== TASK DESCRIPTION ==
Starting at the line that contains "Black leather derby", retype each line to the end of the listing below. Include both ends, but not the pictures.

Top of DATA BELOW

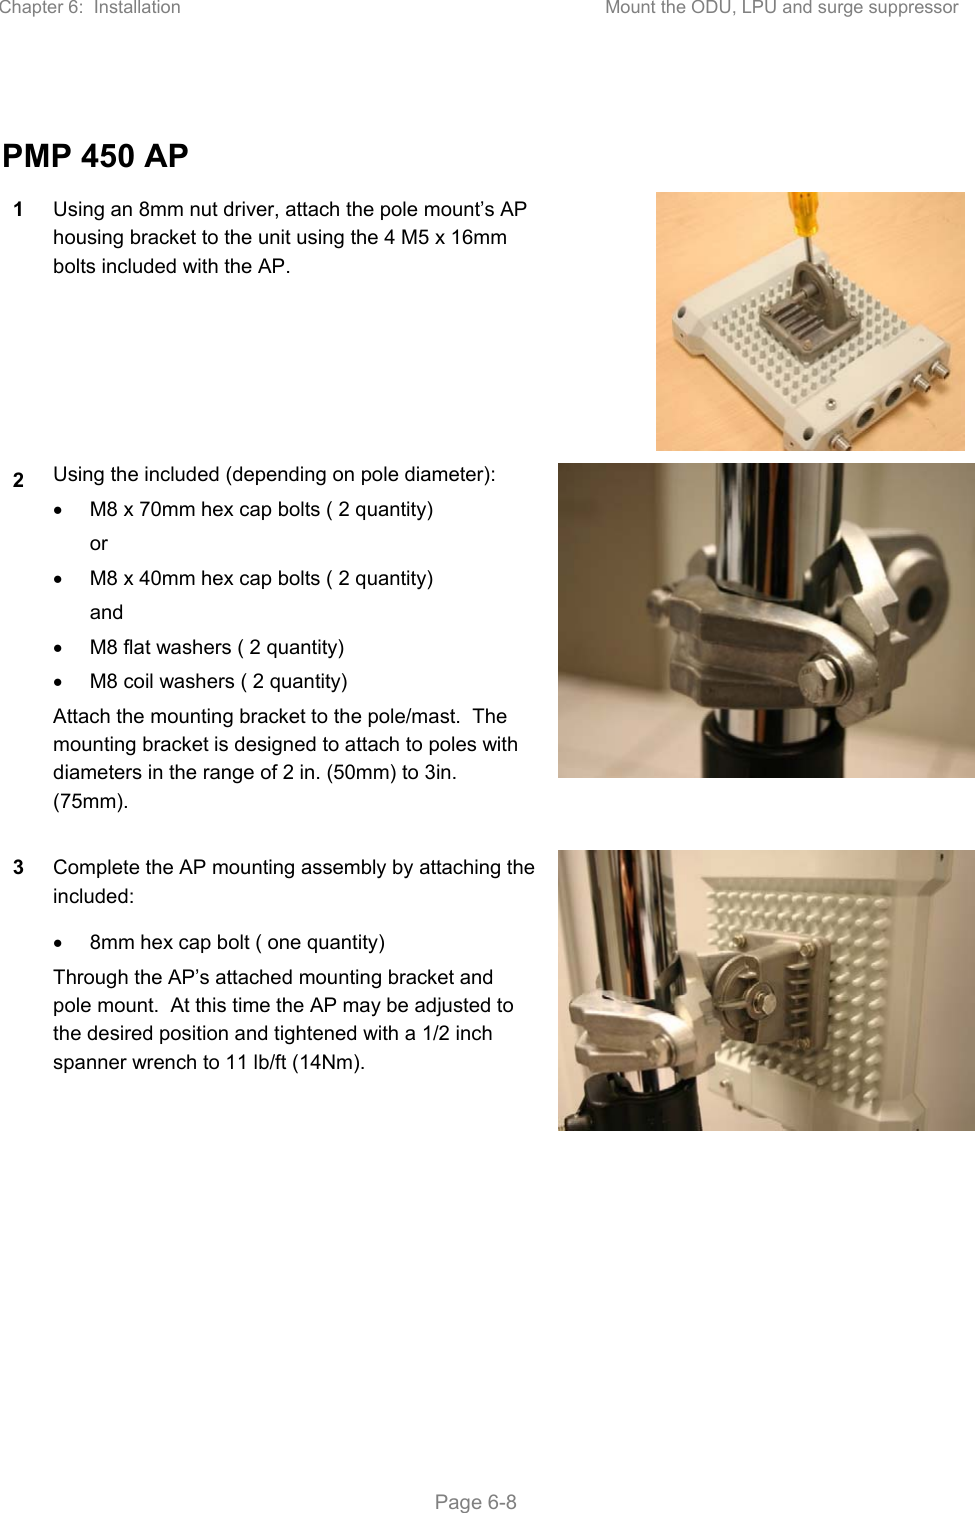 Chapter 6:  Installation  Mount the ODU, LPU and surge suppressor   Page 6-8  PMP 450 AP 1  Using an 8mm nut driver, attach the pole mount’s AP housing bracket to the unit using the 4 M5 x 16mm bolts included with the AP. 2  Using the included (depending on pole diameter):   M8 x 70mm hex cap bolts ( 2 quantity) or   M8 x 40mm hex cap bolts ( 2 quantity) and   M8 flat washers ( 2 quantity)   M8 coil washers ( 2 quantity) Attach the mounting bracket to the pole/mast.  The mounting bracket is designed to attach to poles with diameters in the range of 2 in. (50mm) to 3in. (75mm). 3  Complete the AP mounting assembly by attaching the included:   8mm hex cap bolt ( one quantity) Through the AP’s attached mounting bracket and pole mount.  At this time the AP may be adjusted to the desired position and tightened with a 1/2 inch spanner wrench to 11 lb/ft (14Nm).   
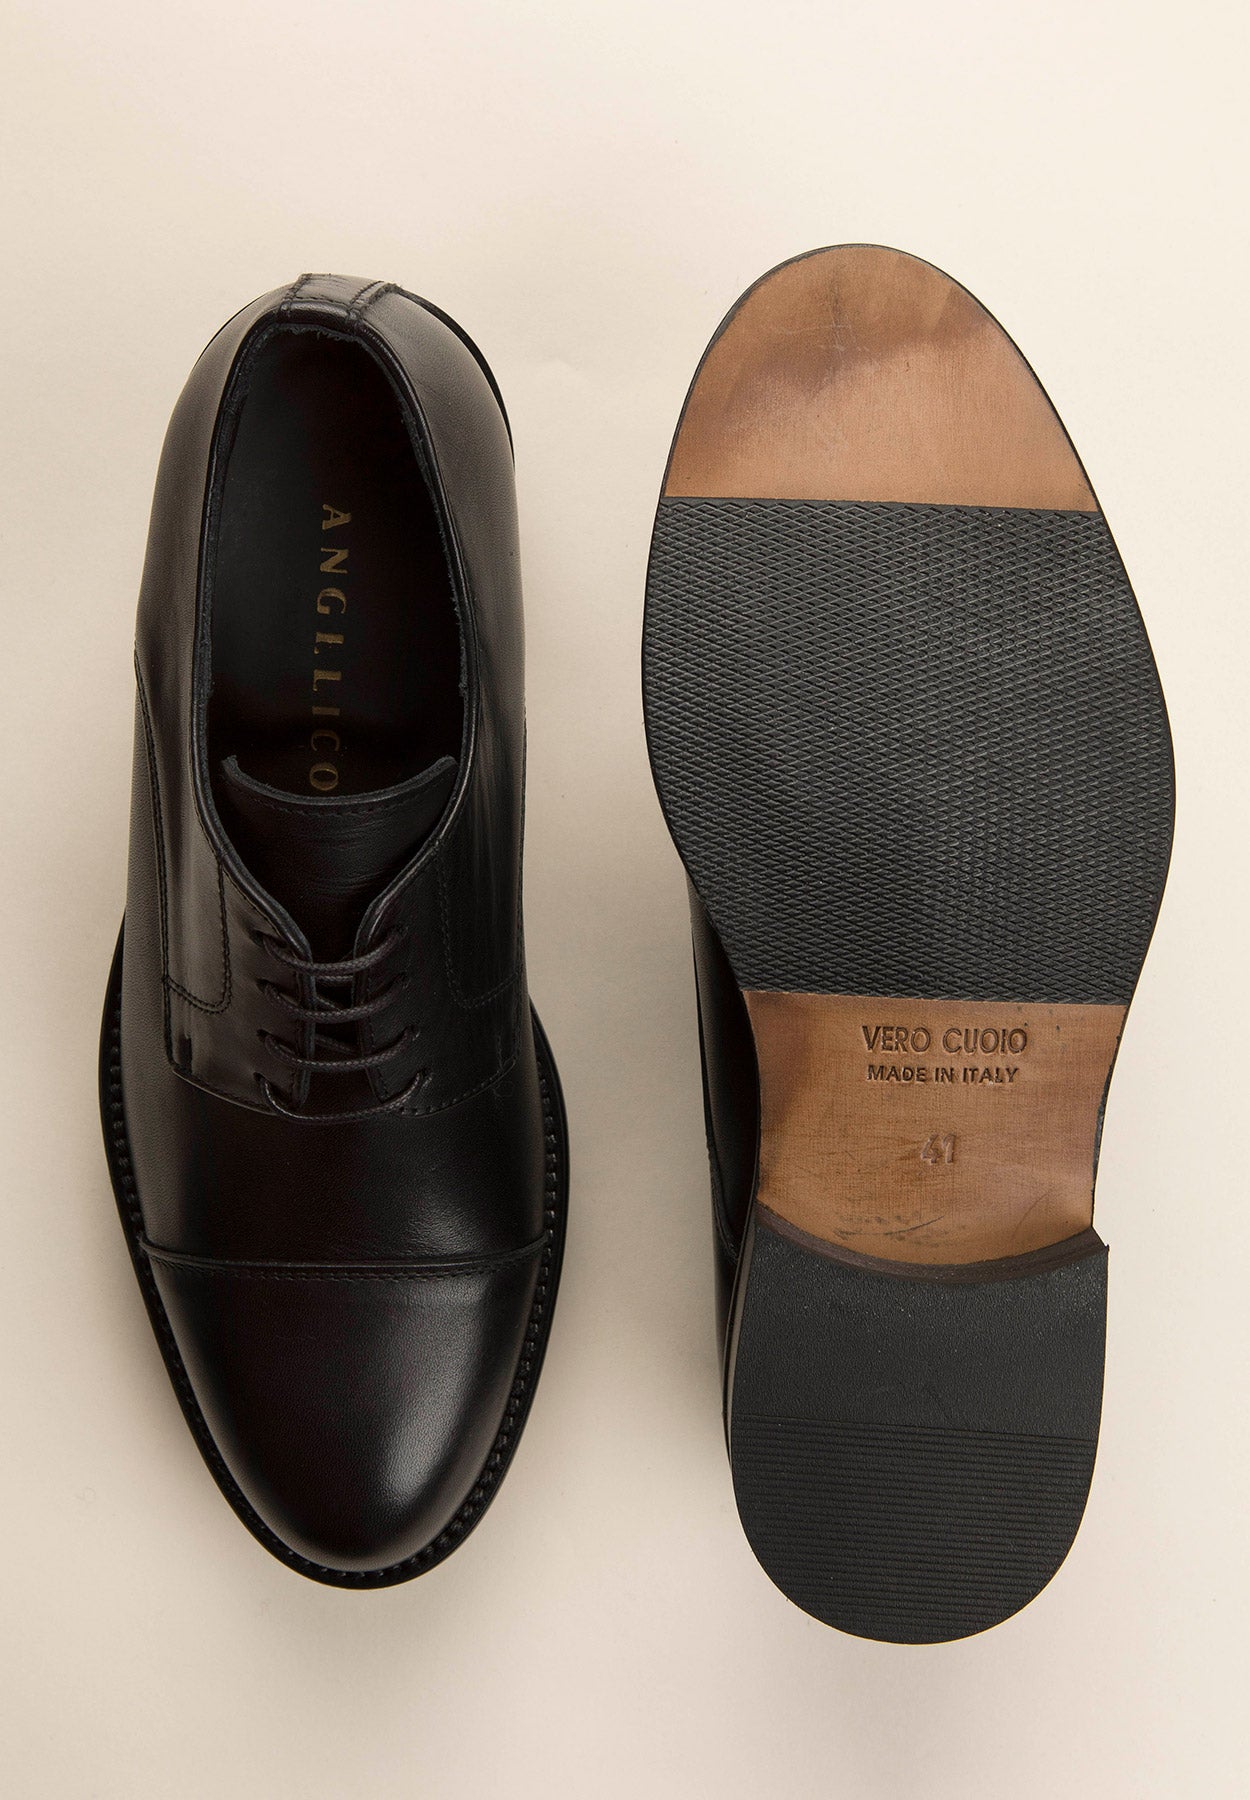 Black leather derby shoe with stitched toe cap
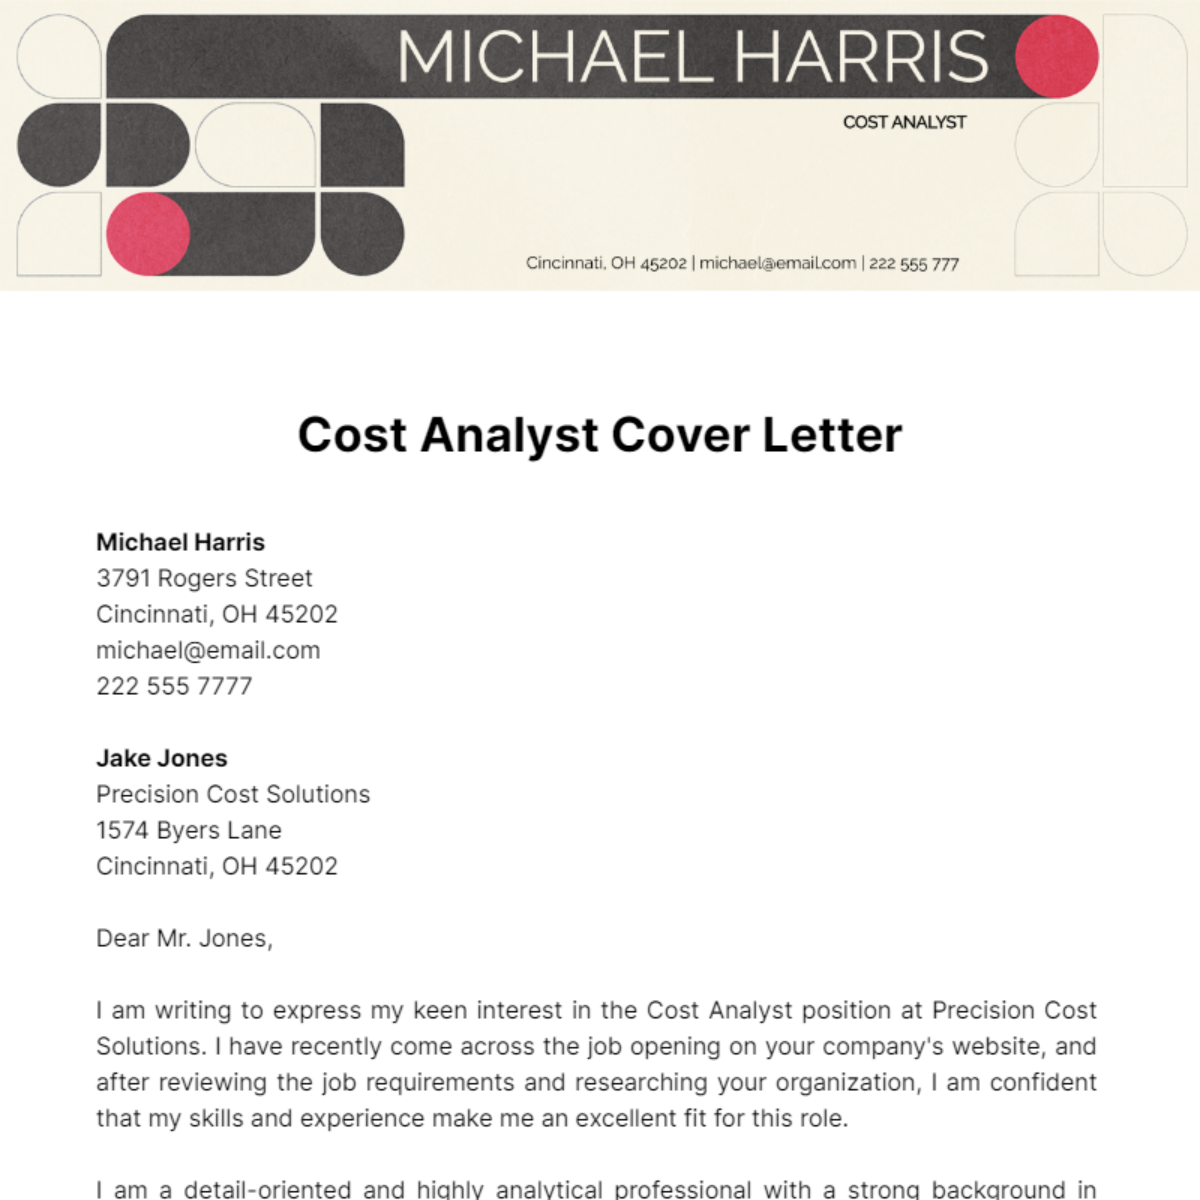 Cost Analyst Cover Letter Template

Bottom of DATA BELOW

== SOLUTION TO THE PROBLEM ==
 Black leather derby shoe with stitched toe cap
 Cost Analyst Cover Letter Template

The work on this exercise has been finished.